2. Market structure and actors

For the data harmonisation services and products developed during the HUMBOLDT project, the following primary and secondary markets were identified:

Primary market:

  • National INSPIRE-responsible bodies (LMOs)
  • INSPIRE SDICs
  • GIS developers implementing applications with data harmonisation issues.
  • Parties that have to use/offer heterogeneous data from various sources (Data Custodians/Data Integrators)

Secondary market:

  • People/institutions faced with spatial data interoperability difficulties in a cross-border situation or other application fields.
  • Other parties interested in data harmonisation.
  • Thematically related European or Industry Projects.

These are in total several thousand potential customers in Europe alone who are currently for the largest part due to a lack of tools and processes not investing into data harmonisation, but rather perform re-collection of data or just use heterogeneous data sets.

To summarize, the market for data harmonisation services and products is in a competitive situation. It is evolving and changing quickly with both customers and market actors using very different approaches to data harmonisation. There are almost no actors that actively promote data harmonisation activities, but rather perform them under different titles such as data transformation, integration or spatial/business analytics.

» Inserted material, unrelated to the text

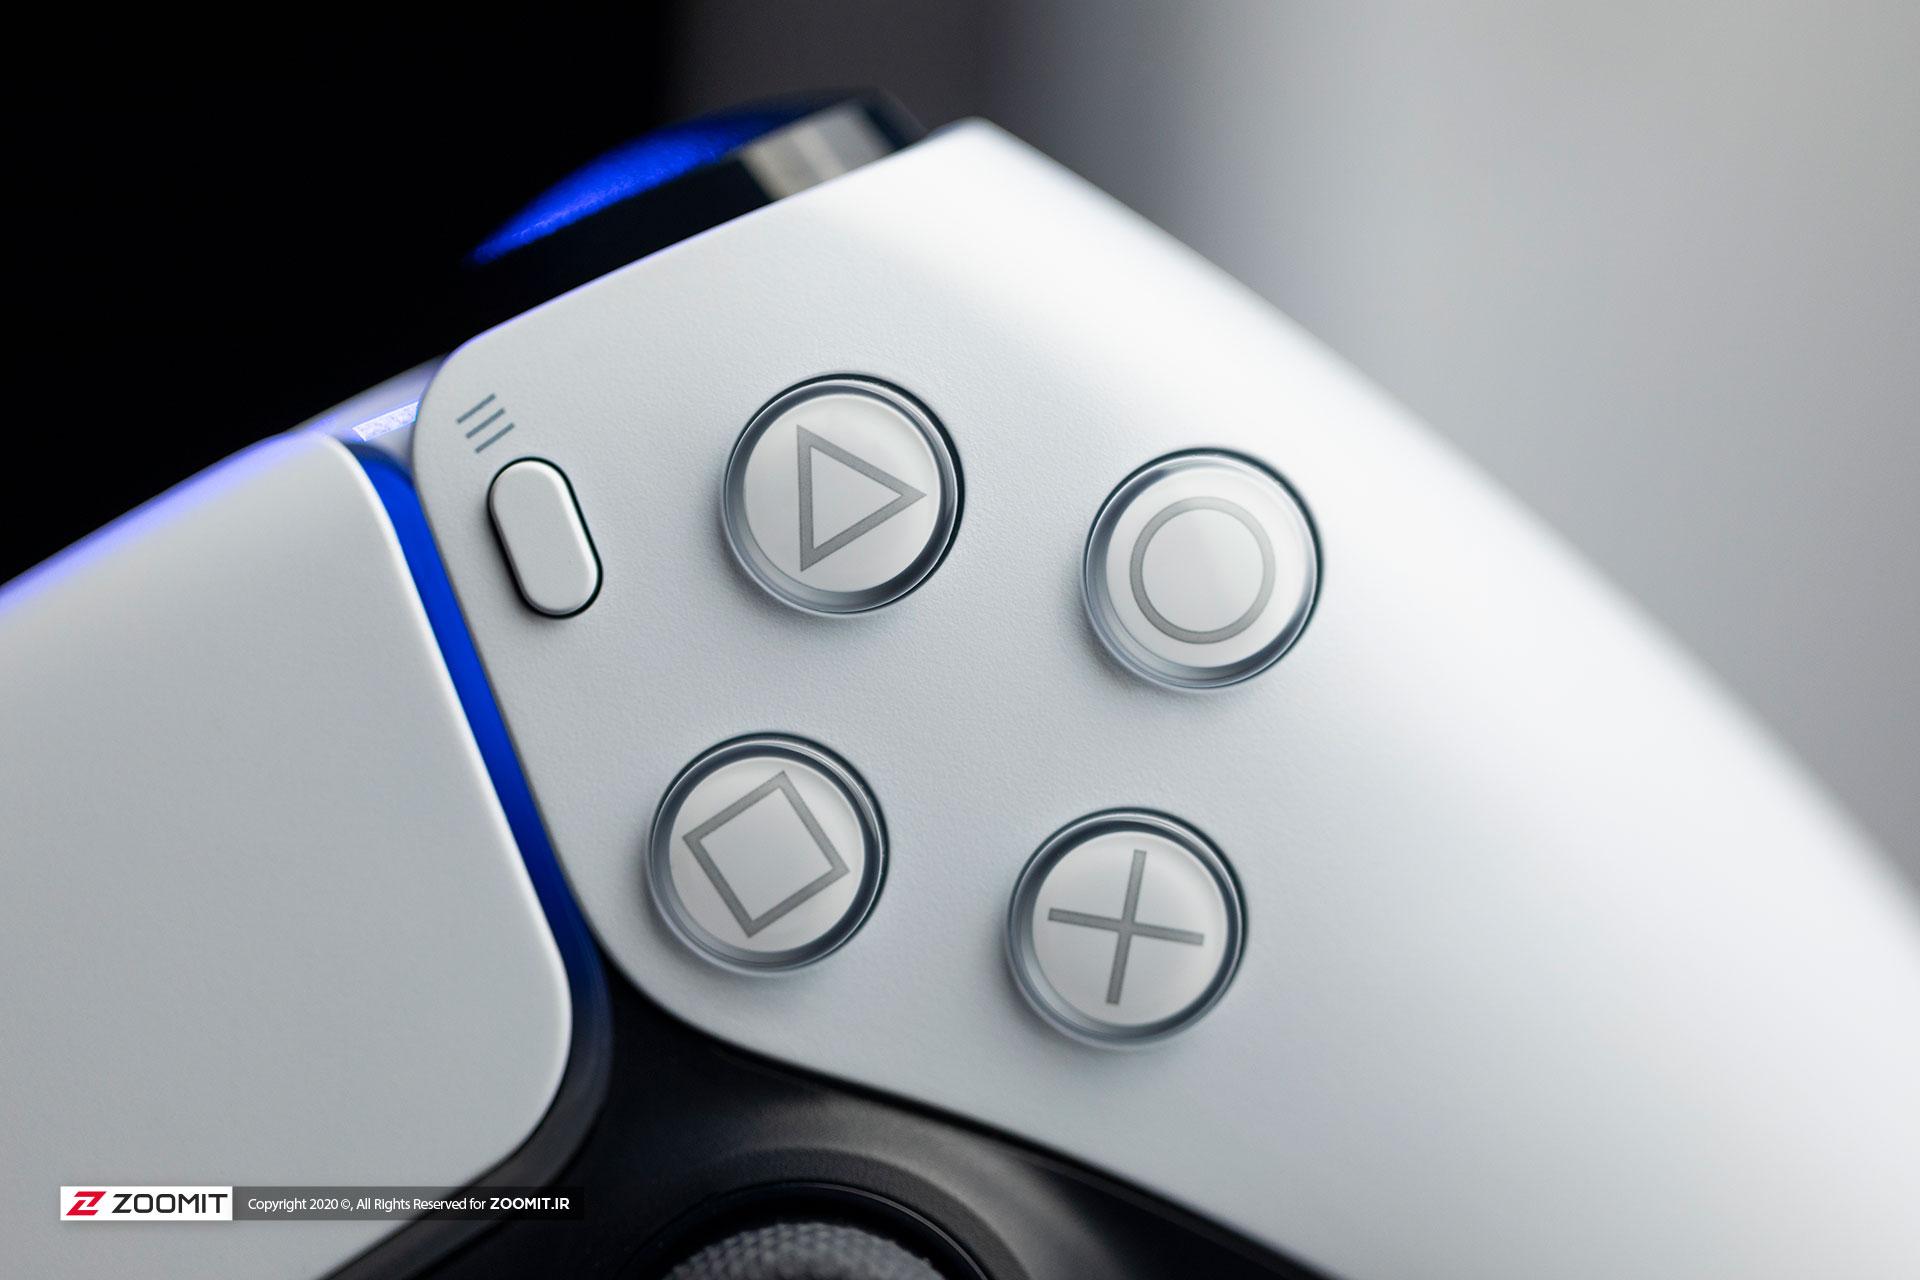 PlayStation 5 PS5 handle design

What is your take on this? Is there a market for specific data harmonisation products and services or are these just special fields of Business Intelligence, Business Integration, or Spatial Data Value Added Services? What’s the right label?

 

The inspire-foss project

The open source community around data harmonisation and transformation is growing steadily. An interesting project that was started in 2010 by Just van den Broecke and others is called inspire-foss and offers “Transformation, storage and web-based delivery for geodata based on European INSPIRE standards using Free and Open Source Software“. The main focus of the inspire-foss project itself at this time is ETL – the transformation of data in an arbitrary spatial data source file to an INSPIRE-compliant schema. Technology-wise, a mix of XSLT, GDAL/OGR, Python and Java is used to create the ETL service. A description of the typical implementation process can be found here. As this process involves activites such as XSLT development and Unix Shell scripting, which might not be for everyone, the group also offers professional support.

For solving other steps of a data harmonisation process, several components are integrated. The deegree inspire node is used for data delivery, while an OpenLayers-based web map application called Heron Mapping Clientis used as a client. In HUMBOLDT, we have also worked closely with the deegree team and recommend using their service as well. This collaboration was tested in projects like GS SOIL.

An interesting topic that came up during INTERGEO, where we met part of the team behind the deegree project, was the format they use internally to configure the mapping between the database and GML. The definition of such mapping models and their usage are still complicated tasks and there was a strong interest in combining efforts to advance a standardised conceptual mapping format. We will definitely follow up on this!